Not to her knowledge, is the experiment of the psychiatrist feigning her death by injecting a medicine to make her experience heart attacks hoping through the experiment can win a person to love living if one knows how she or he is about to die. In this process, Veronika turns around and starts to appreciate life, letting herself go to experience and make known to reality her desires.

Veronika in the course, comes to know of every patient in Villete, in her interaction with them finds new insights about life, about the world, and about the walls of the mental institution.

Villete is but the epitome of sanctuary cushioning individuals from the dangers of the outside world. For what is being questioned perhaps is the sanity of normality. When people are simply different from accustomed behavior or way of thinking, consensus stigmatizes you as insane. But what is sanity but a consensus of many. Villete served as a refuge against conformity, form, and monotony of everyday life impinged by society. Here, the villain is society; a society which constricted humanity into something less paying attention to form than content. The adventurer in our society is frowned upon. Inside the asylum, they are welcomed but living out is the only way to experience the truth about what life has to offer. And this is the philosophy which the novel tells us about.

Some would always raise a brow on people who attempt to take their own lives.
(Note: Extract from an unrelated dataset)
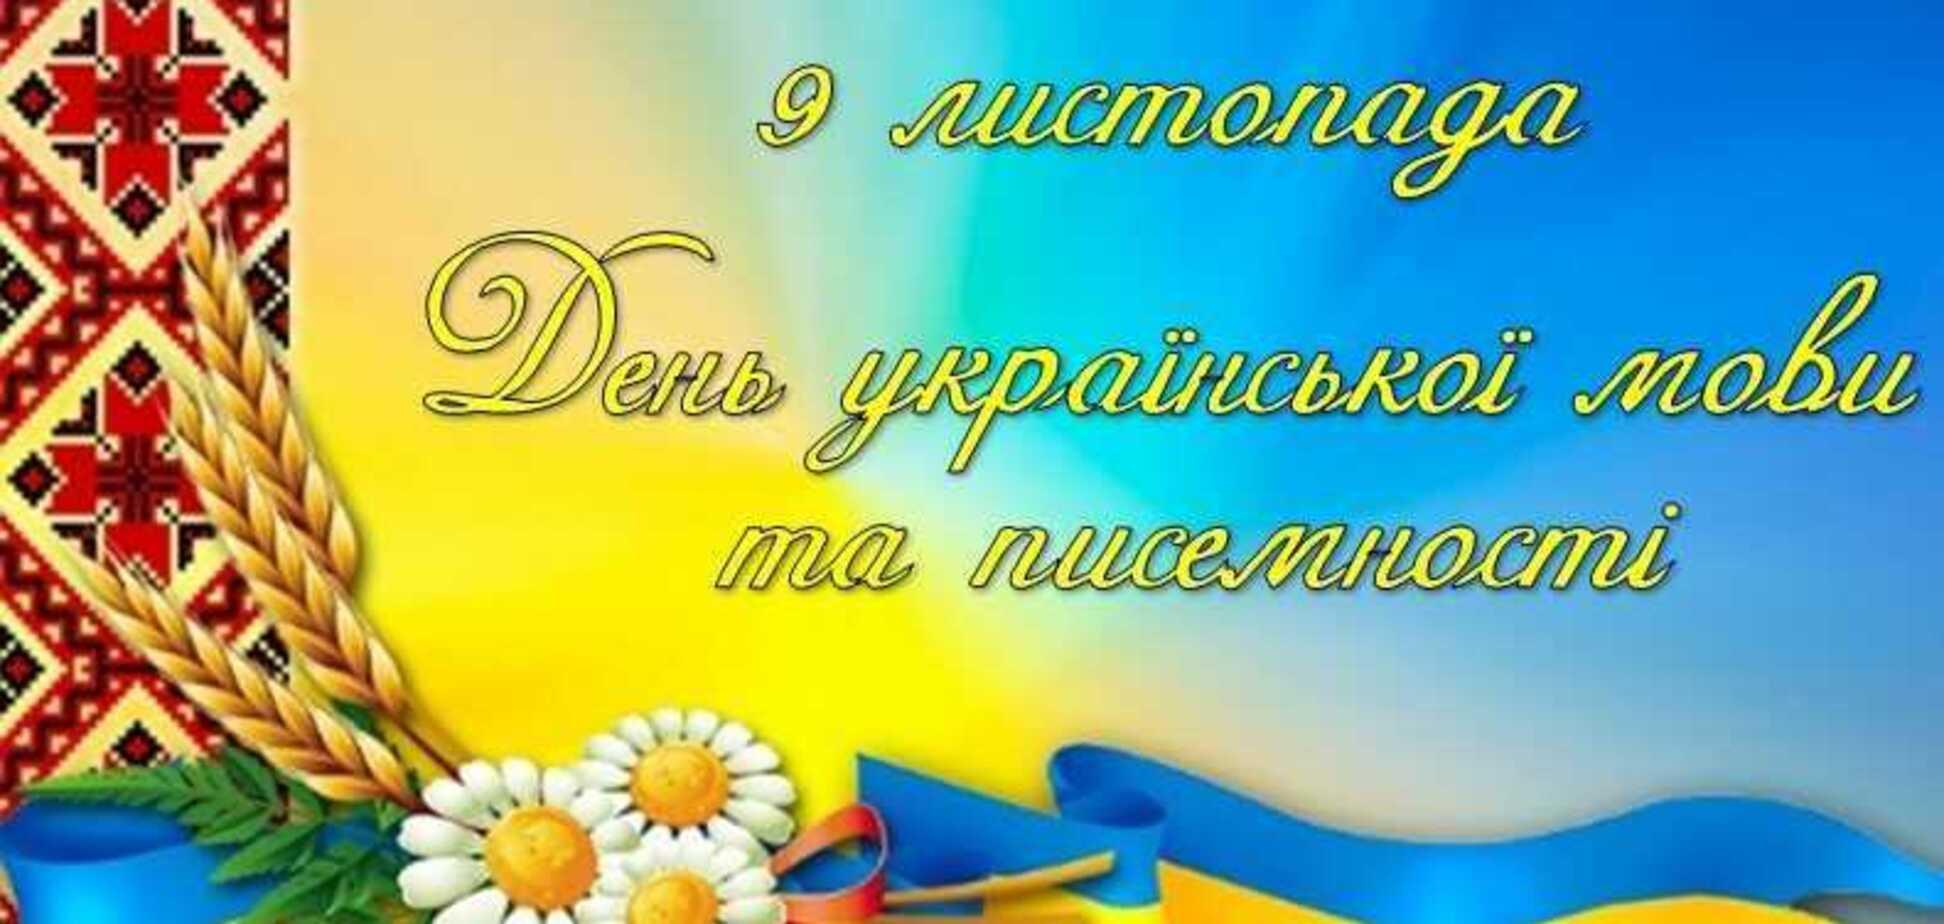 День украинской письменности и языка: что это за праздник – 9 ноября

People question their sanity, labeling them as mad, pitiable, hapless, and shallow. But then again, maybe people, like Veronika feels the limitations of the material world and the norms and mores impinged by society. In a world where the tangible has taken its course in the lives of people, the physical turns us cold and to some restless. Restlessness is the whimpering soul attempting to make meaning of this so called life. Inside the walls of the psychiatric wards, the knowledge of death has freed Veronika from the constraints of society; and in her death she has come to start living.